В Африке мы жили в волшебном мире, армированном вполне реальным скелетом. Это был не зыбкий мир грез и фантазий; напротив, довольно безжалостный и логичный мир, крепко скроенный из фрагментов искаженной реальности. В самом деле, если здесь обитали такие фантасмагоричные и нелепые существа, как носороги, стоило ли чему-то удивляться? Я и Нгуи могли говорить с ними на их языке, и они нам отвечали, а когда я бранил их по-испански, оскорблял и прогонял прочь, они уходили, обиженно понурив головы, что в контексте их сказочного облика и в декорациях африканского пейзажа было вполне логичным и непротиворечивым. Испанский считался языком племени, к которому принадлежали я и Мэри; это был обыденный язык для каждодневного общения в стране, откуда мы прибыли, то есть на Кубе. Известно было также, что у нас есть особый, тайный язык. С британцами нас ничего не объединяло, кроме цвета кожи и взаимной терпимости. Когда с нами жил мой друг Мейито Менокаль, его тоже считали одним из нас. Мейито пользовался глубочайшим уважением за низкий рокочущий голос, запах, вежливость и безупречное знание суахили, на котором он говорил с сильным камагуэйским акцентом, что в совокупности с внушительными шрамами и бычьей внешностью, верно отражавшей внутреннюю суть, превращало его чуть ли не в божество.

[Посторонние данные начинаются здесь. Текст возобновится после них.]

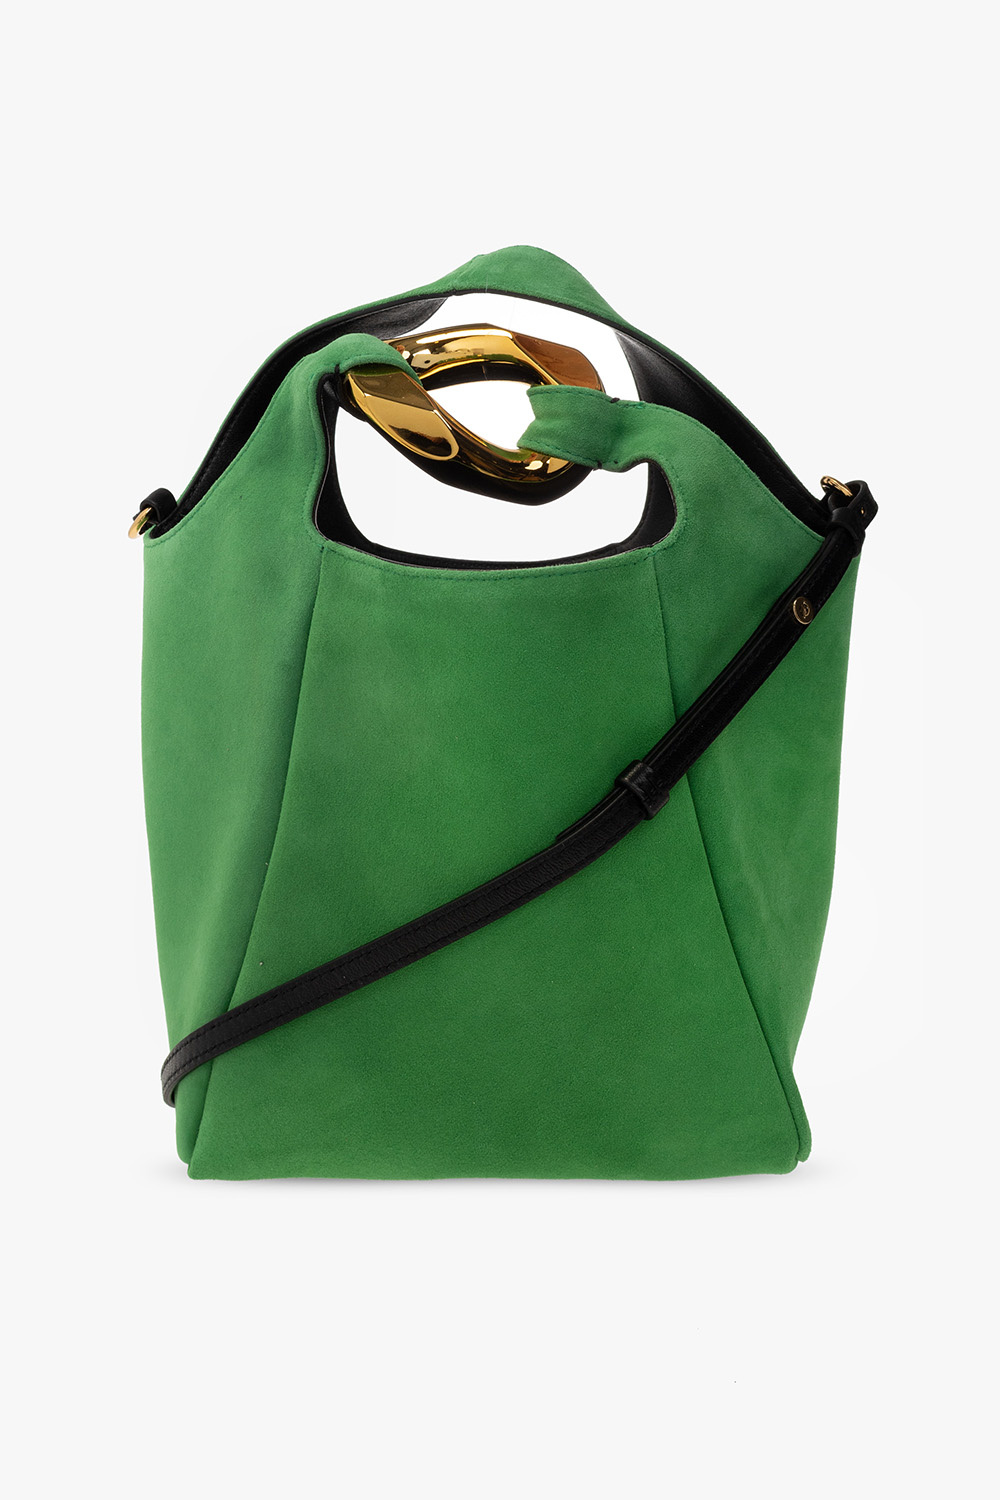 JW Anderson Chain-link Detail Leather Tote Bag (Totes)

Любопытным я пояснил, что когда нашей родиной правили короли, Мейито был сыном одного из них. Я подробно описал принадлежавшие ему тысячи акров земли, бессчетные стада, горы производимого им сахара. Поскольку вакамба считали сахар фундаментальным продуктом, уступавшим по ценности только мясу, а также ввиду того, что за правдивость моей истории поручился сам Отец, а Мейито зарекомендовал себя опытнейшим скотоводом, который говорит строго по существу могучим басом, напоминающим львиный рык, и при этом никогда не опускается до грубости, угроз или хвастовства, — любовь к нему была горячей и искренней.